START Data to examine
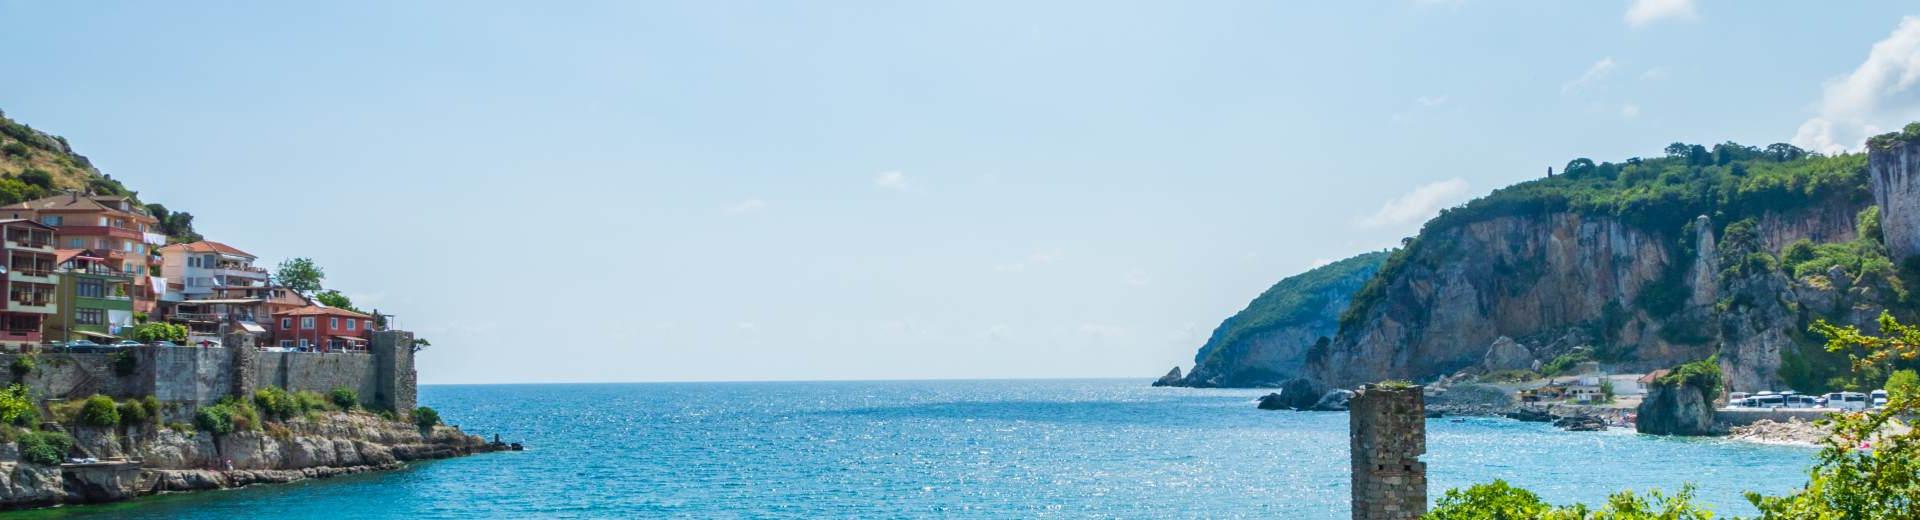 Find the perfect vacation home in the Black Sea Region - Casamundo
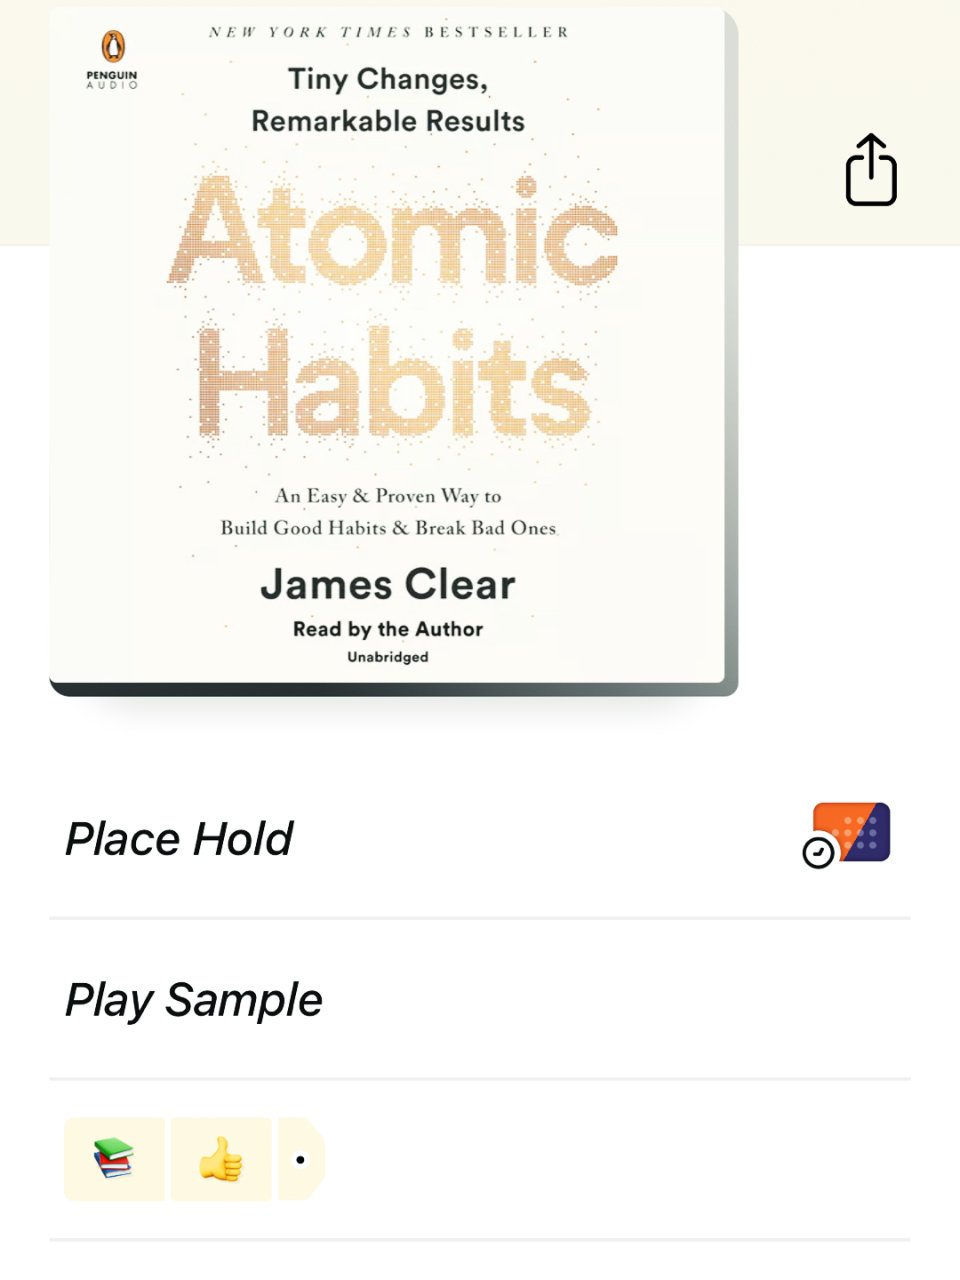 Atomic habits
END Data to examine
START Data to examine
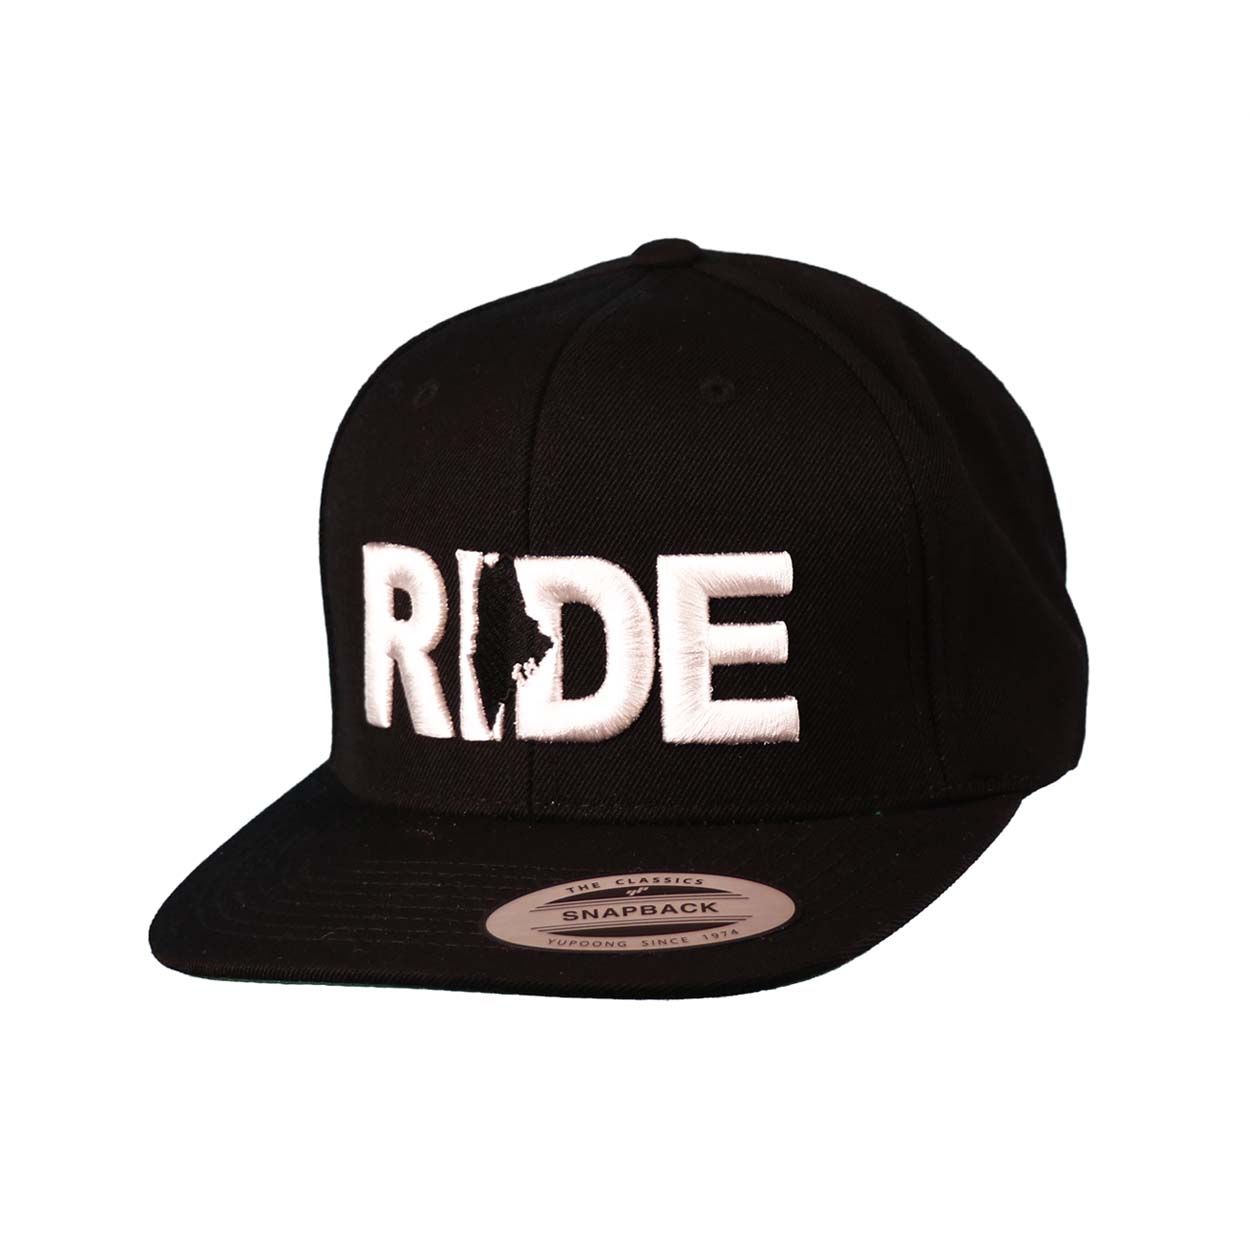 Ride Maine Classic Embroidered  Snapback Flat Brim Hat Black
END Data to examine
=== Your task ===
Using the listing above, repeat word for word each line from the one with "Find the perfect" down to the one with "Atomic habits", both included. Omit all pictures.

=== Result of this exercise ===
 Find the perfect vacation home in the Black Sea Region - Casamundo
 Atomic habits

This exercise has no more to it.